Hyperfine spectroscopy in a quantum-limited spectrometer

Sebastian Probst; Gengli Zhang; Miloš Rančić; Vishal Ranjan; Marianne Le Dantec; Zhonghan Zhang; Bartolo Albanese; Andrin Doll; Ren Bao Liu; John Morton; Thierry Chanelière; Philippe Goldner; Denis Vion; Daniel Esteve; Patrice Bertet

doi:10.5194/mr-1-315-2020

Hyperfine spectroscopy in a quantum-limited spectrometer

Magn Reson (Gott). 2020 Dec 17;1(2):315-330. doi: 10.5194/mr-1-315-2020. eCollection 2020.

Authors

Affiliations

¹ Quantronics group, SPEC, CEA, CNRS, Université Paris-Saclay, CEA Saclay, 91191 Gif-sur-Yvette CEDEX, France.
² Department of Physics and The Hong Kong Institute of Quantum Information Science and Technology, The Chinese University of Hong Kong, Shatin, New Territories, Hong Kong, China.
³ Chimie ParisTech, PSL University, CNRS, Institut de Recherche de Chimie Paris, 75005 Paris, France.
⁴ Laboratory of nanomagnetism and oxides, SPEC, CEA, CNRS, Université Paris-Saclay, CEA Saclay, 91191 Gif-sur-Yvette CEDEX, France.
⁵ London Centre for Nanotechnology, University College London, London WC1H 0AH, UK.
⁶ Univ.
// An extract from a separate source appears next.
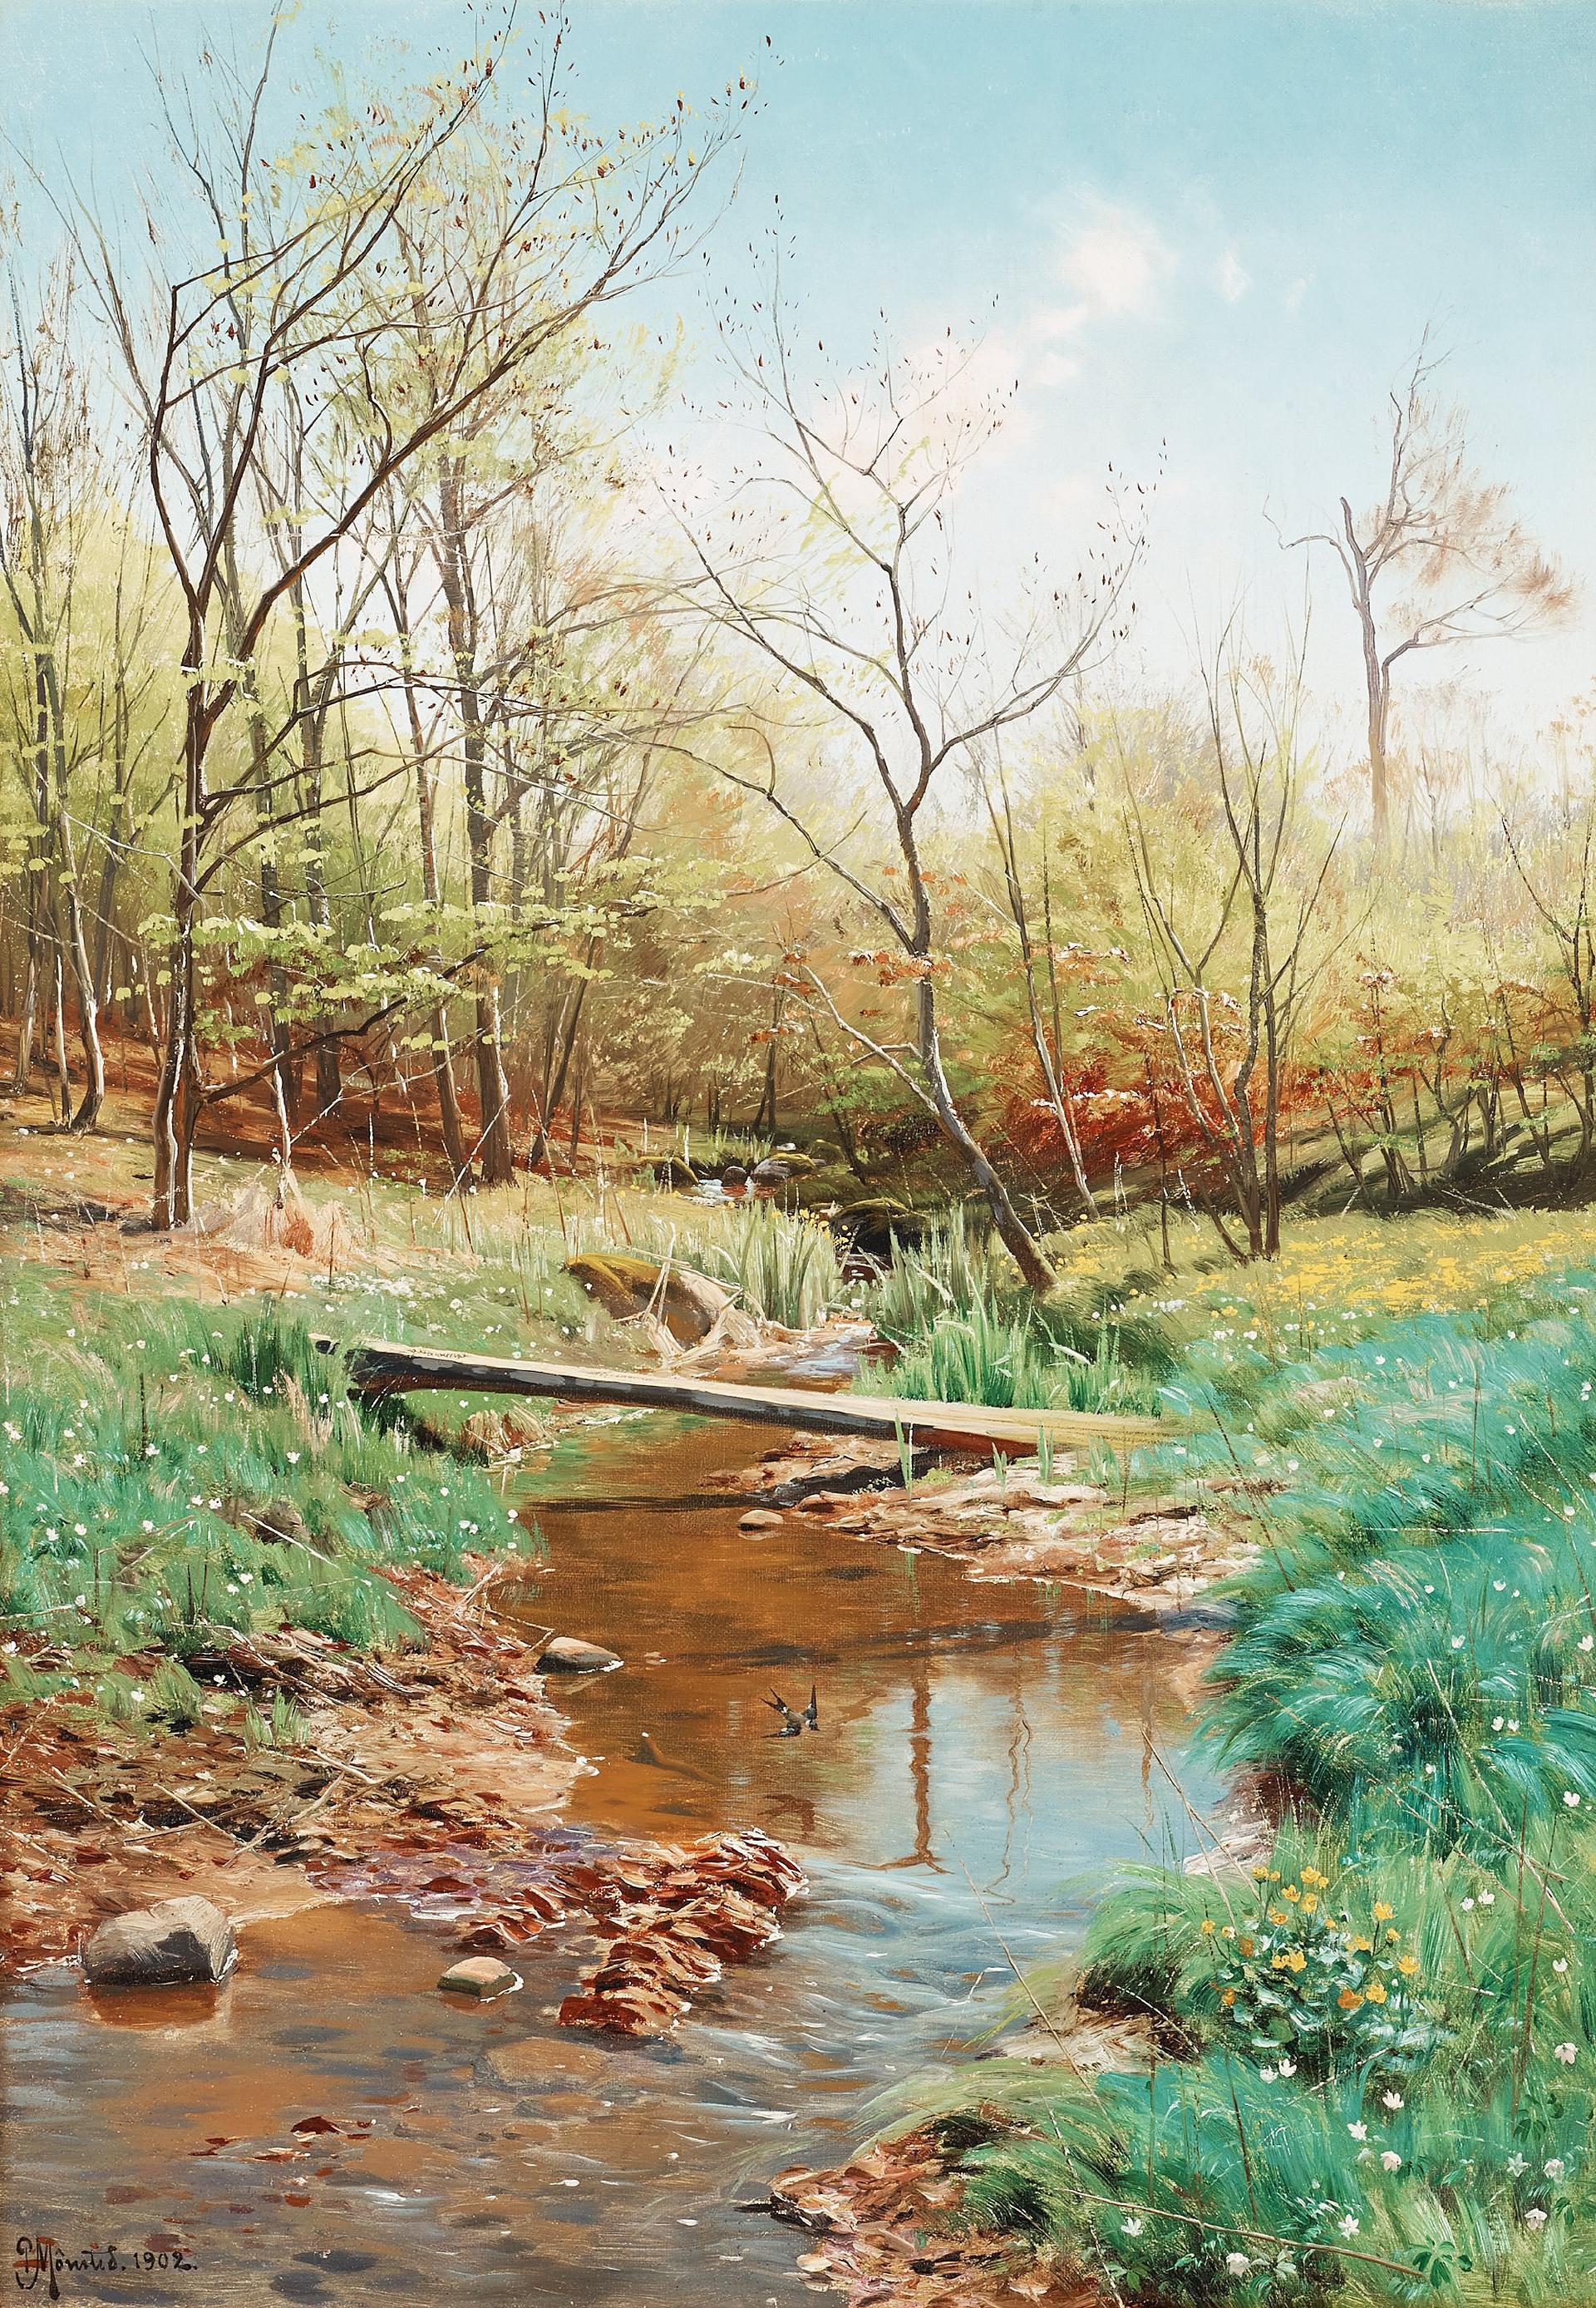 19世纪世界风景油画精选高清图集-919_1992x2880px_tif_300dpi_16_0

Grenoble Alpes, CNRS, Grenoble INP, Institut Néel, 38000 Grenoble, France.

Abstract

We report measurements of electron-spin-echo envelope modulation (ESEEM) performed at millikelvin temperatures in a custom-built high-sensitivity spectrometer based on superconducting micro-resonators. The high quality factor and small mode volume (down to 0.2 pL) of the resonator allow us to probe a small number of spins, down to $5 \times 10^{2}$ . We measure two-pulse ESEEM on two systems: erbium ions coupled to $^{183} W$ nuclei in a natural-abundance ${CaWO}_{4}$ crystal and bismuth donors coupled to residual $^{29} Si$ nuclei in a silicon substrate that was isotopically enriched in the $^{28} Si$ isotope. We also measure three- and five-pulse ESEEM for the bismuth donors in silicon. Quantitative agreement is obtained for both the hyperfine coupling strength of proximal nuclei and the nuclear-spin concentration.